Unfortunately, details of Francis's career are elusive. His father and older brother were earnest Royalists, had distinguished naval careers, and were both knighted at sea in 1635 by the Earl of Lindsey, aboard the Mary Honour. Although unproven, it seems likely that John and his two elder sons were at sea together, and that would mean they were all with the Channel fleet. A few years later, in 1639, the three are recorded as serving together in the king's army in the north of England.

Whatever the precise details of his career, Francis must have had a serious interest in navigation, or he would not have been in possession of The Fierie Sea-Columne. Moreover, the book bears the initials 'F P' on the spine, indicating that the volume was personally owned and used by him. The most likely explanation is that the newly published book was given to Francis, by his father, when he went to sea in 1634.

It is further worth noting that the condition of the Wells volume indicates considerable use in parts, and that can only have been during Francis's lifetime. Moreover, it must have been during his naval career, since the wear is hardly likely to have occurred while the book reposed in his library at Wells. There is no reason to doubt that the present leather binding is original. It was presumably Francis or his father who caused it to be bound and initialled. The covers show signs of rough handling and both the brass clasps are broken (with parts missing); and it has already been observed that some of the pages and maps (including that of the Channel Islands) display evidence of frequent use.

The most likely scenario is that when Francis left Oxford in 1634 he acquired a copy of Jacob Celom's recently published manual and took it to sea with him. Almost inevitably, the book must have travelled to Jersey, where his family was still much involved in defence and politics.

Although several generations of the Poulets were heavily committed to the service of the king, and thereby to the Channel Islands, Francis evidently decided not to join them, but to return to Somerset, from whence the family hailed.

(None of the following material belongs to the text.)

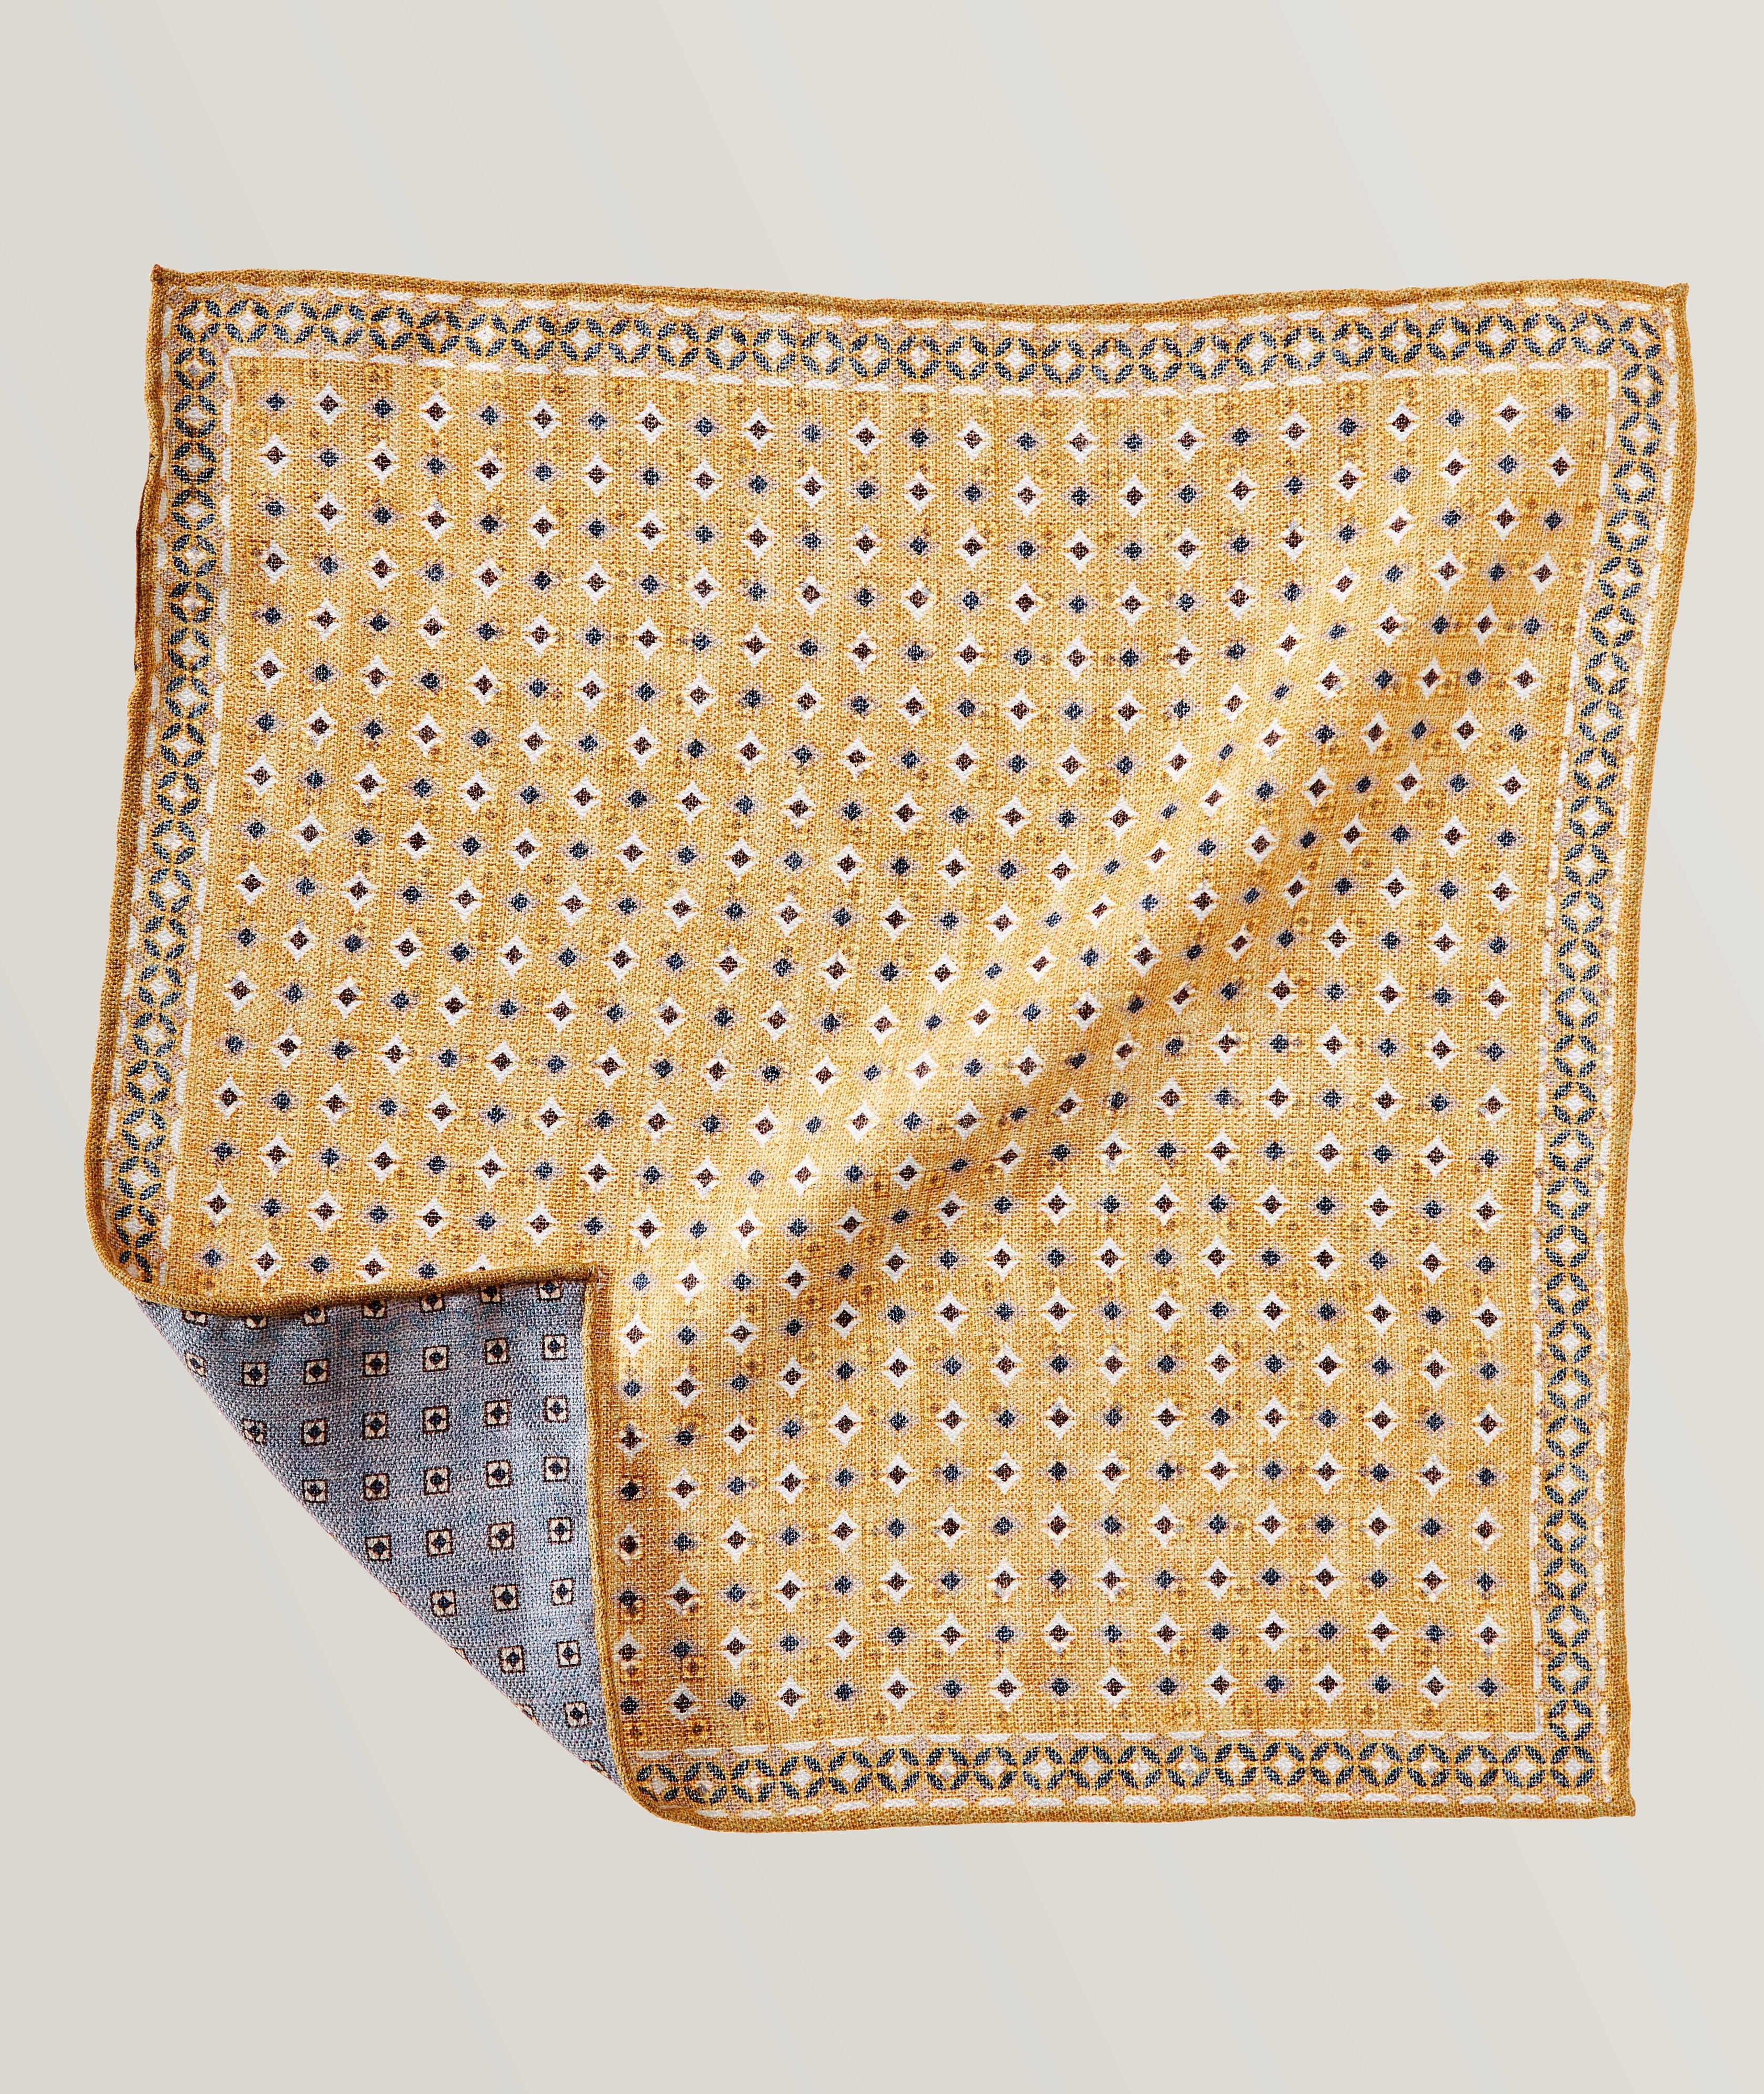 Neat Patterned Silk Pocket Square image 0
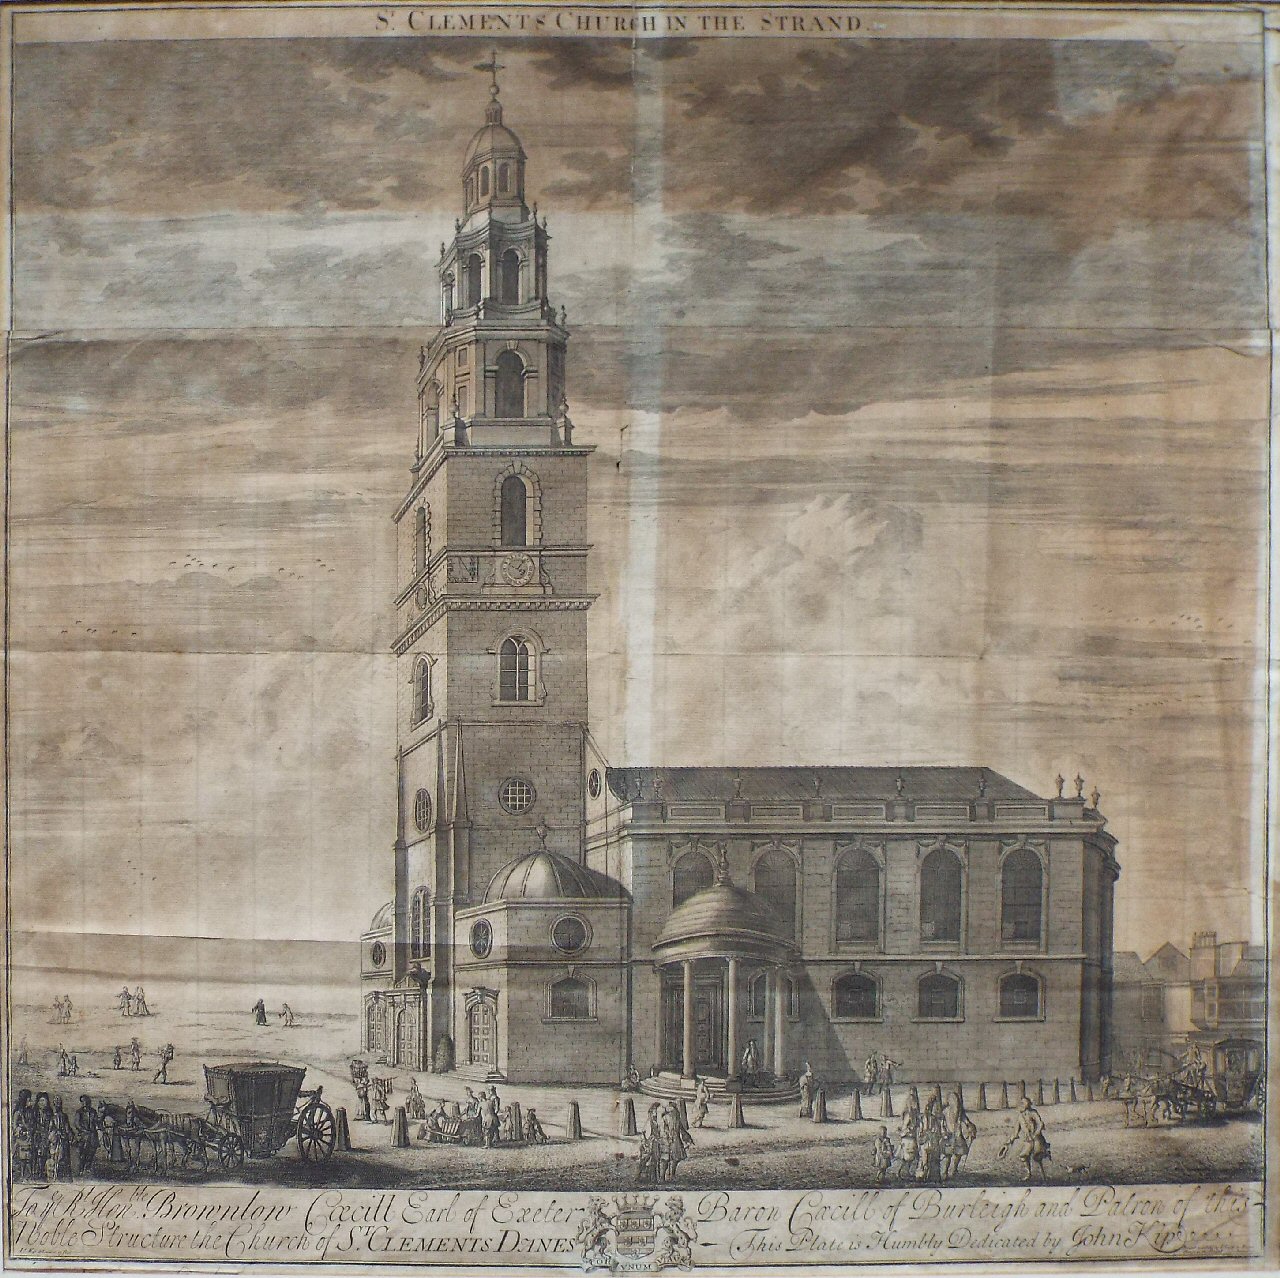 Print - St. Clements Church in the Strand. To the Right Hon.ble John Coecill Earl of Exeter Baron Coecill of Burleigh and Patron of this Noble Structure the Church of St. Clements Danes This Plate is Humbly Dedicated by John Kip - Kip

The ancestral seat was at Hinton St George, which descended to his brother John. Francis married Catherine Creyghtone, daughter of Doctor Robert Creyghtone, who was initially Dean of Wells and later Bishop of Bath and Wells. Francis and Catherine Poulet lived in the shadow of the cathedral, in a former canonical house at 19 The Liberty. They took up residence in or shortly before 1670. The Poulets were buried together in the cathedral, beneath a Purbeck marble slab in Corpus Christi Chapel. Francis died on 26 January 1688, and Catherine on 17 October 1694.